The result is a battle between angst and anti-angst (which is, of course, just another form of angst). And that lonely trumpet, which gets the jazz bug after some saxophonists ease the way, at least has friends in the fray.
No other major orchestra that depends on subscribers for its livelihood trusts its audience as much as the Philharmonic did with this program. The music, all of it, was extraordinary. Robertson led tireless, strong performances. He set moods. He also mercilessly broke moods. He kept listeners on a razor’s edge, as he undoubtedly did his musicians. If there was a comfort zone, that came in the single encore -- Bill Holman’s orchestral arrangement of Thelonious Monk’s jazz classic “ ‘Round Midnight” -- and it wasn’t that comforting.

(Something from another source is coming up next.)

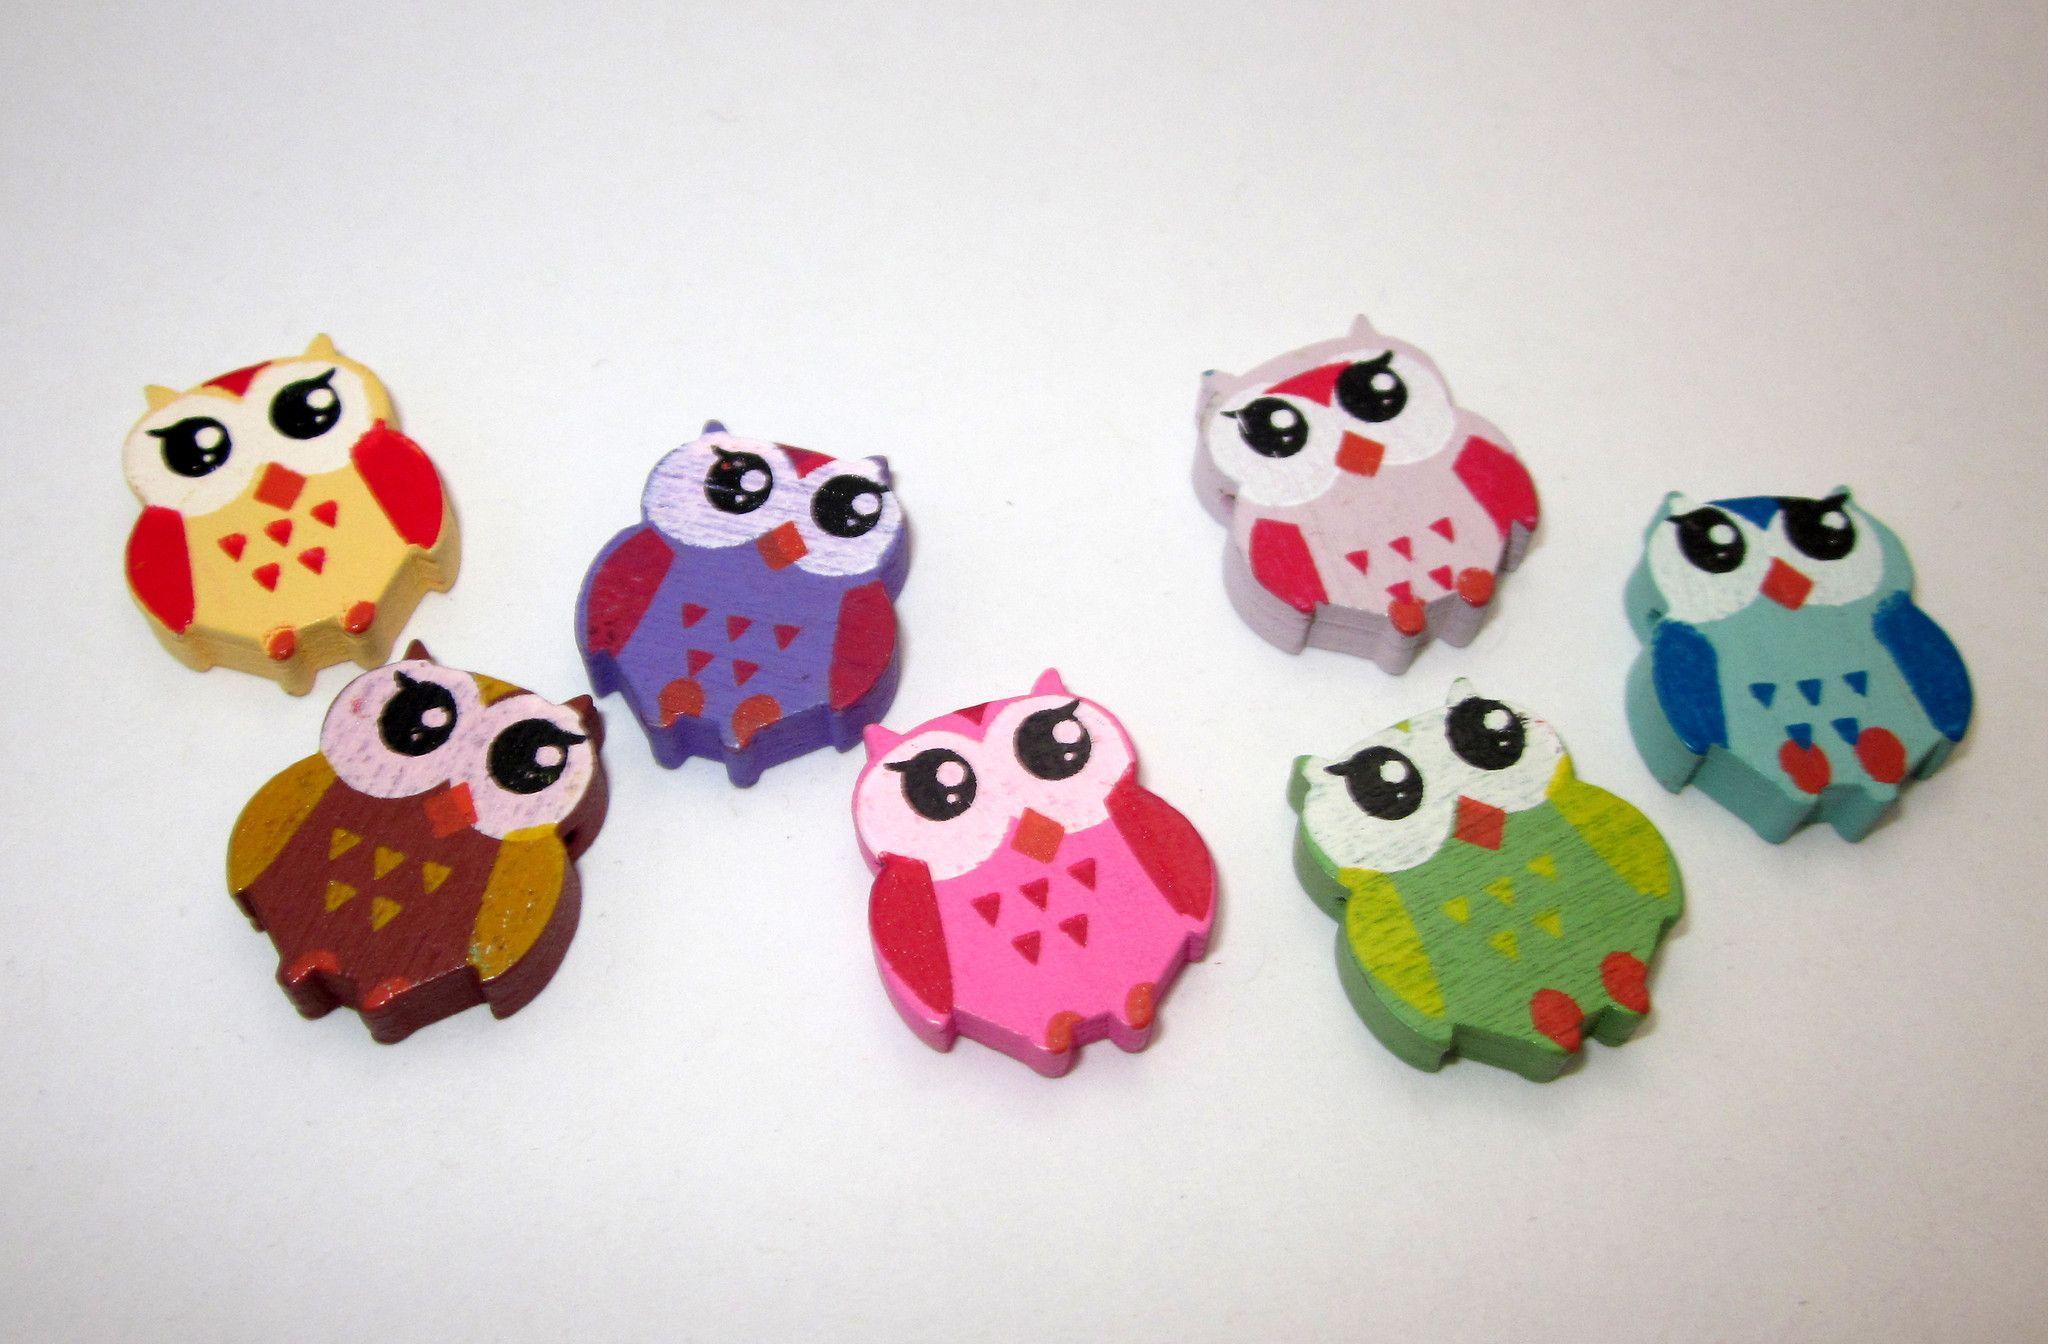 50 Wooden Owl Craft Beads

For me, the heart of the program was “Turfan Fragments,” which was written in 1980. The title comes from ancient manuscripts found in a city in southwest China. The stories they tell are incomplete and indecipherable. Feldman’s score, which is insanely difficult to play, deals not with what one might learn from such parchments but with what we can’t know.
In very quiet music with highly confused meters, Feldman develops what feel like mental prisons for these fragments. Time ceases to exist, and yet you must have patience anyway. The Philharmonic was inevitably tense but coped remarkably well with a score that no other regular orchestra in America dares play but that remains a seminal work of American music.
Benjamin’s “Palimpsests,” by comparison, is good old-school Modernism, and Robertson got brilliant results. Zimmermann’s jazz, for its part, was no problem at all for this band, though the jazz writing is stiff, even a tad condescending.
But Balsom handled the trumpet solos with exactly the right attitude. She was serious and resisted the temptation to swing more than she should. This is, in the end, Expressionist music, a German composer impossibly trying to reclaim from the ashes the freewheeling culture the Nazis destroyed.
Some years later, Zimmermann, caught in a nightmare from which he couldn’t escape, killed himself. The city at night is clearly not for everyone, and not everyone stayed to the end of Thursday’s concert. Applause all evening was tepid. But the night proved a remarkably brave and powerful way to prepare for a new year.